• AIM OF THE TASK
Restate the full listing word for word; images stay out of it.

• SOURCE MATERIAL
_ _ _ _ _ _ _

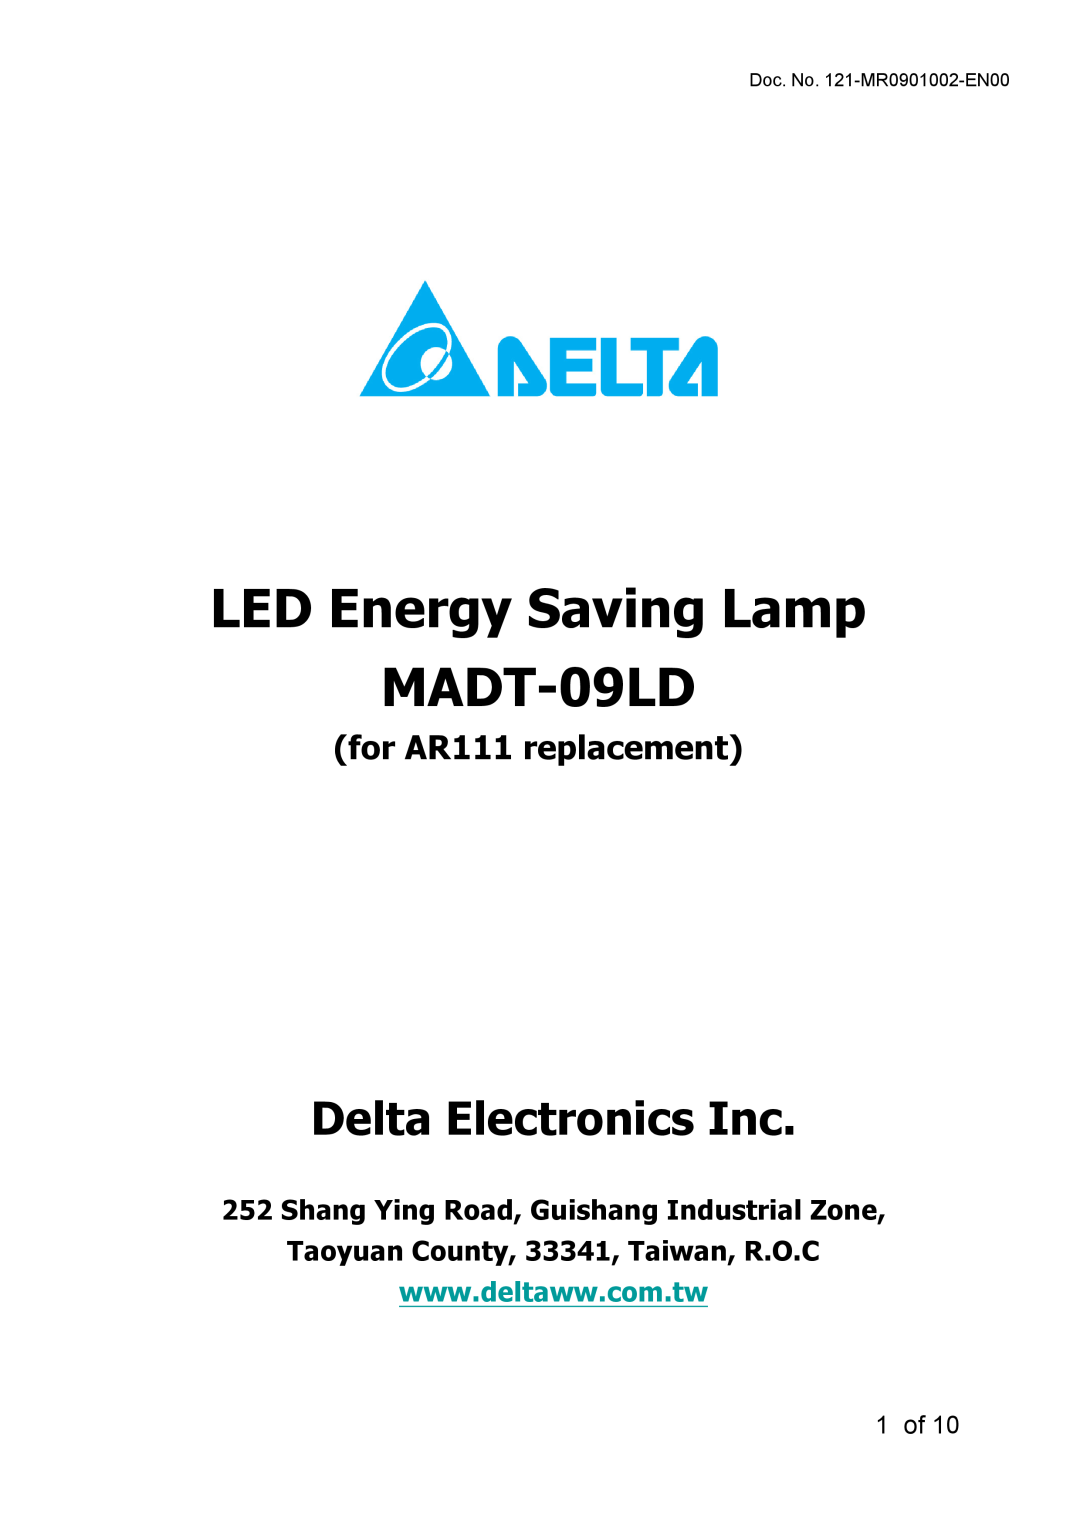 Delta Electronics manual 1 of, LED Energy Saving Lamp MADT-09LD, Delta Electronics Inc, for AR111 replacement 
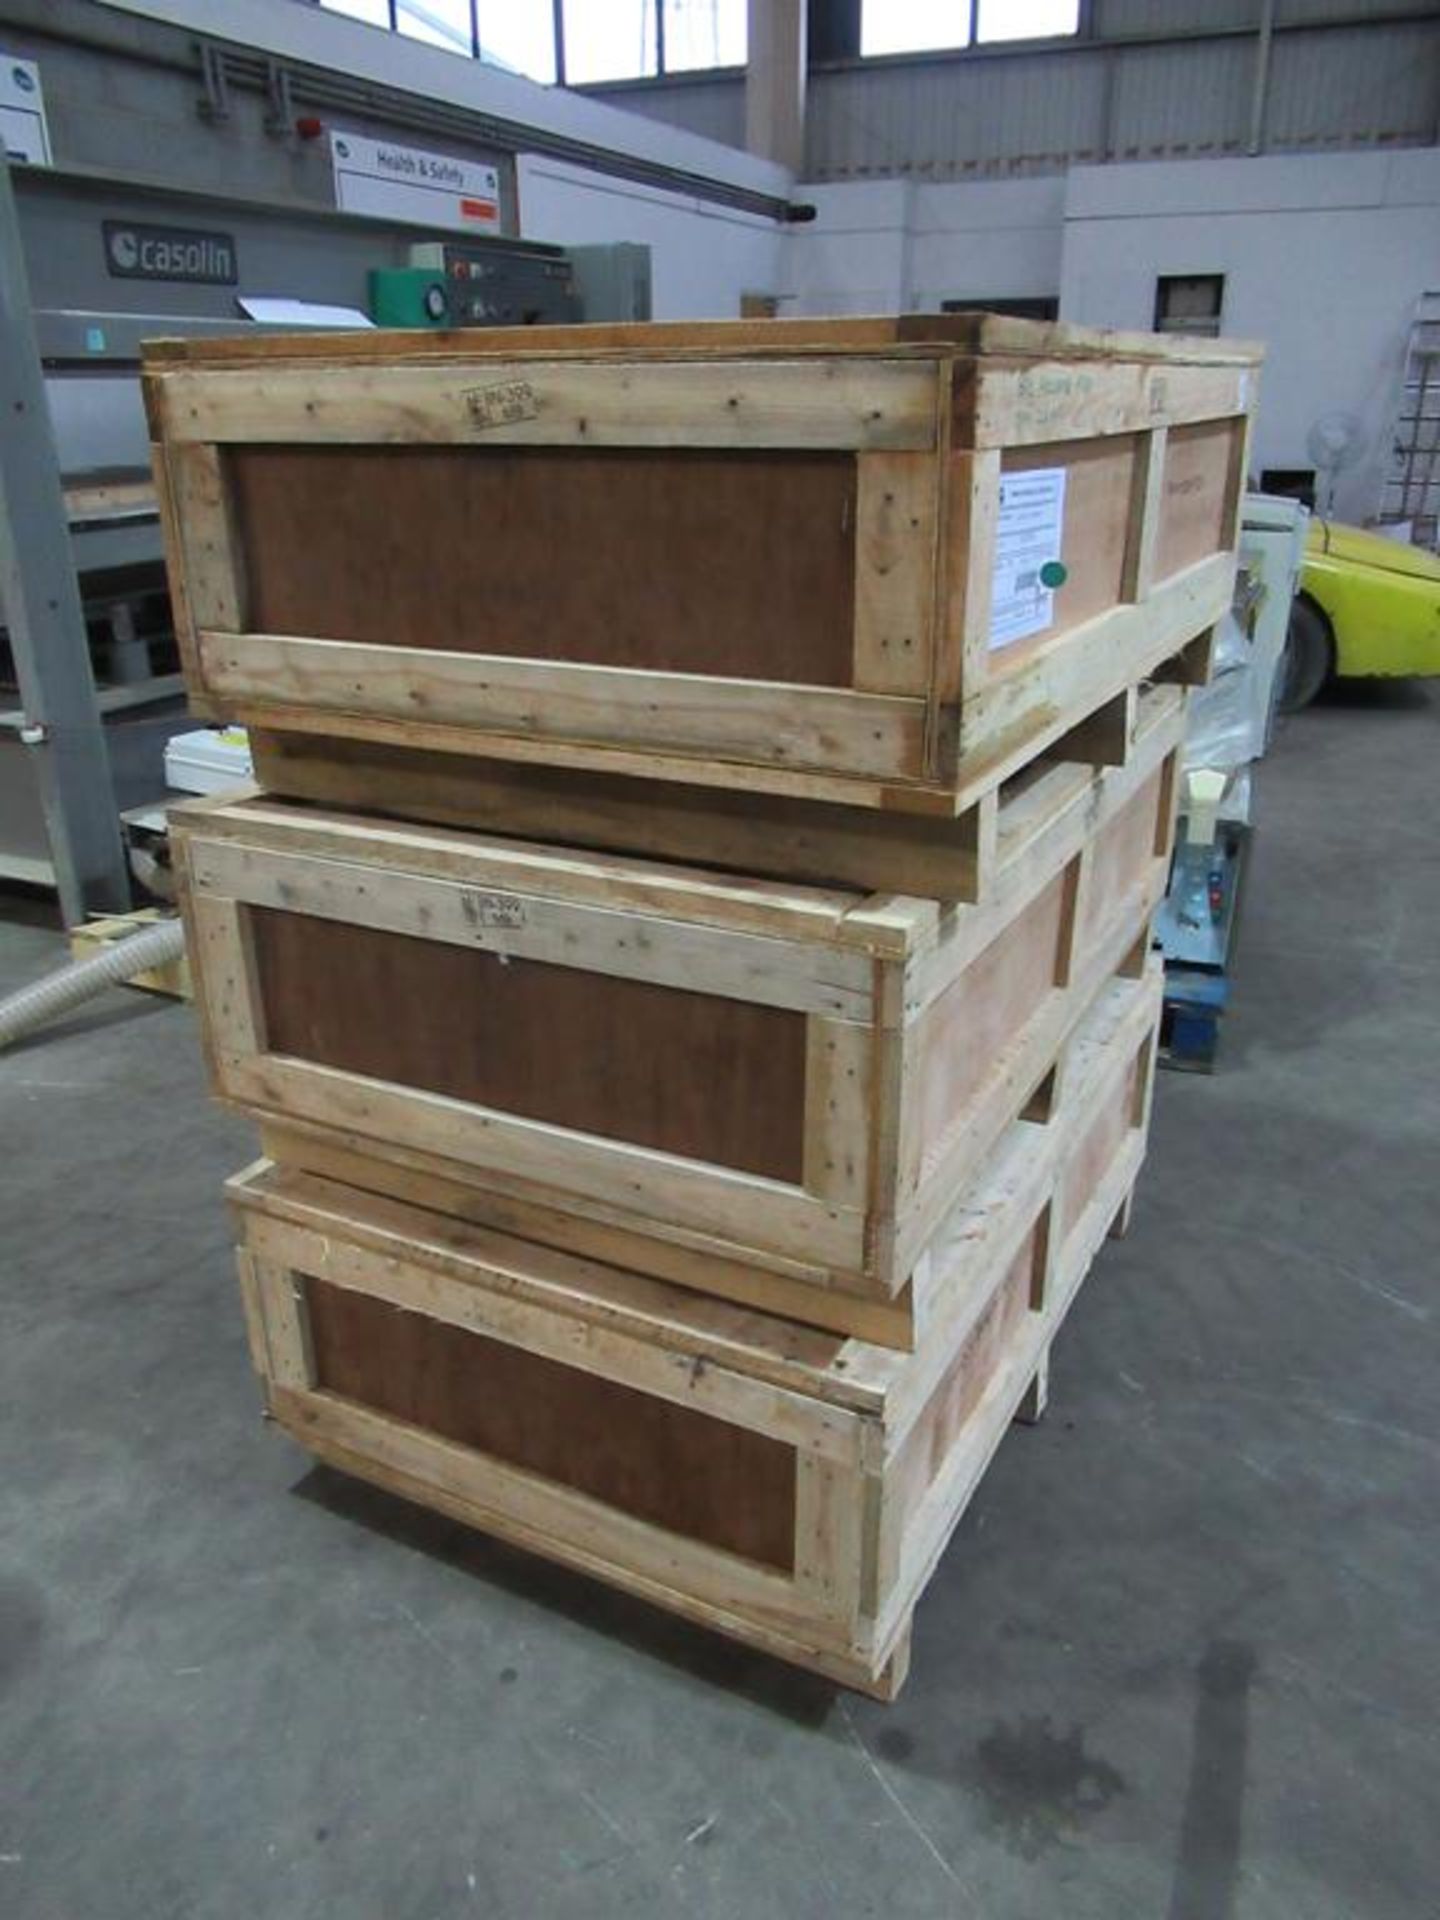 3 x wooden storage boxes - Image 2 of 3
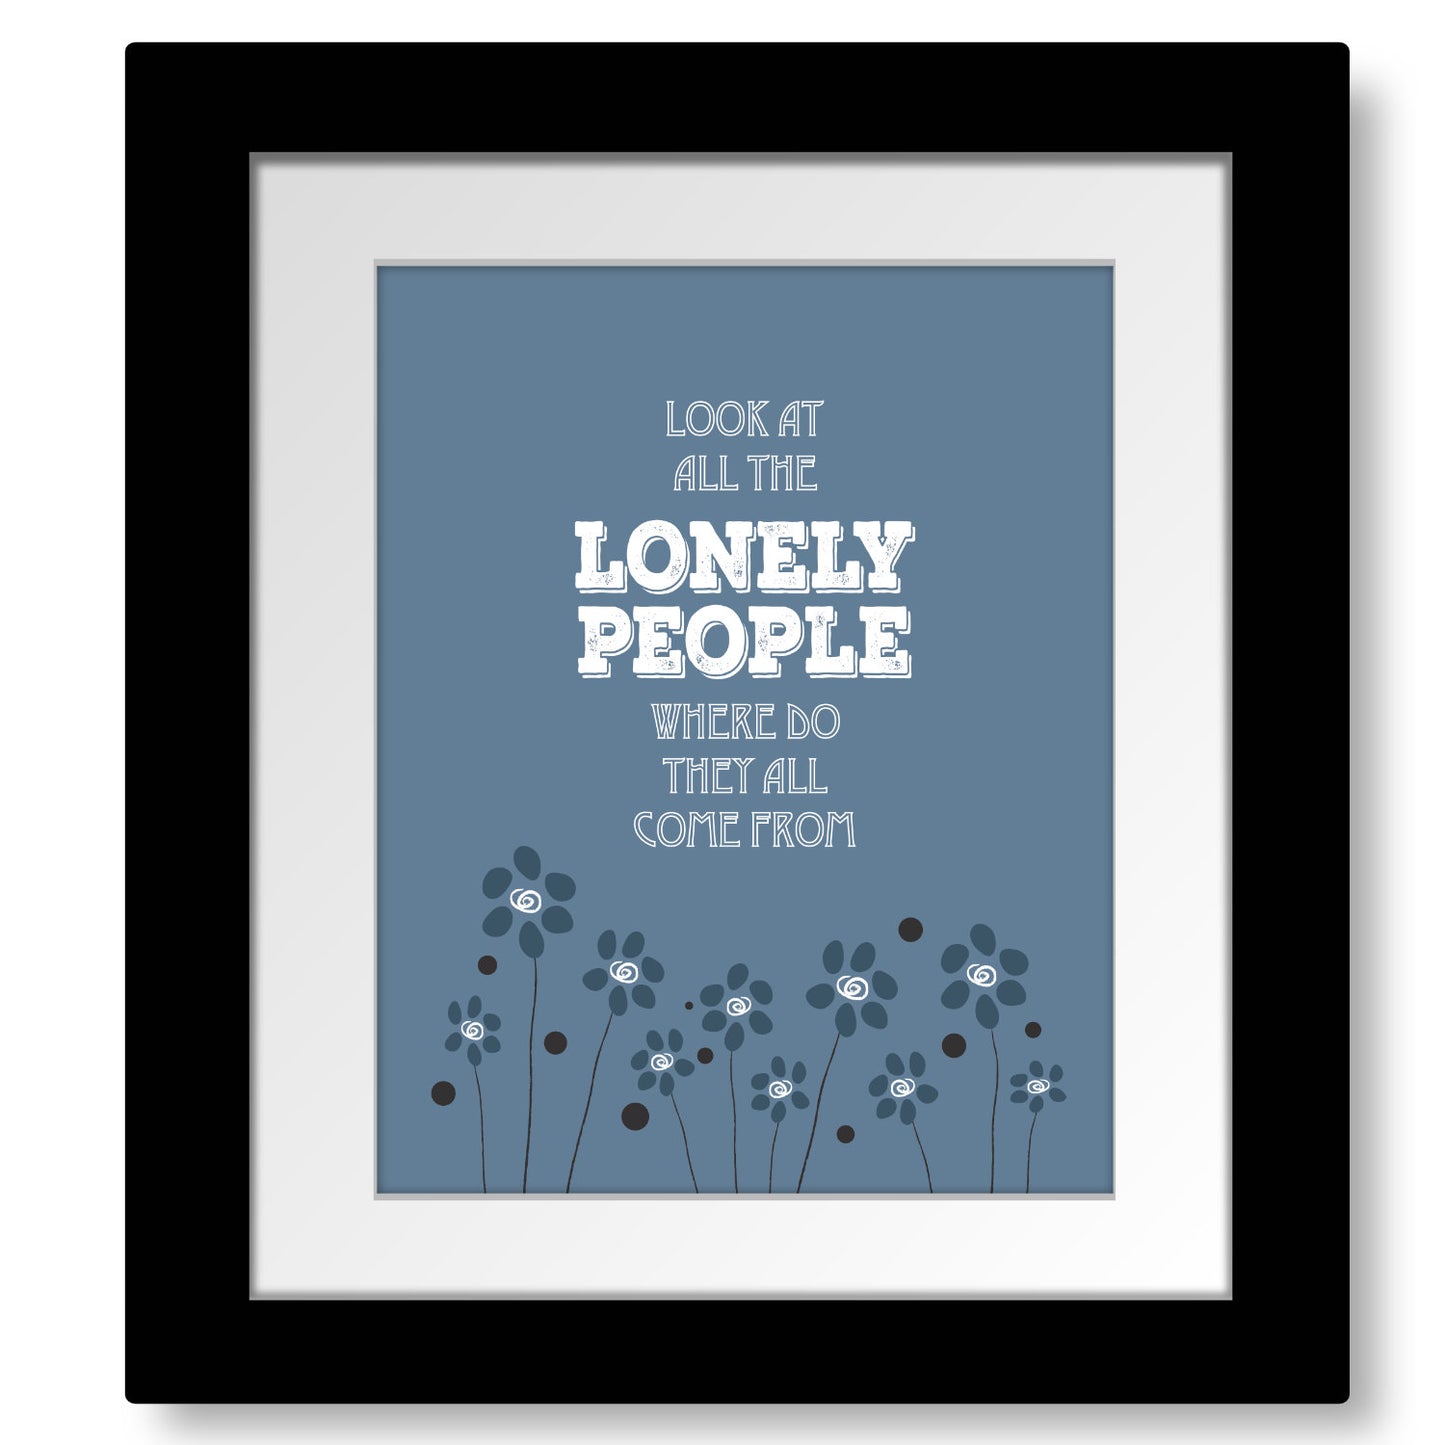 Eleanor Rigby by Beatles - Classic Rock Music Wall Art Print

_ _ _ _ _ _ _

• RESULT FOR THIS TASK
 Delta Electronics manual 1 of, LED Energy Saving Lamp MADT-09LD, Delta Electronics Inc, for AR111 replacement 
 3 x wooden storage boxes - Image 2 of 3
 Eleanor Rigby by Beatles - Classic Rock Music Wall Art Print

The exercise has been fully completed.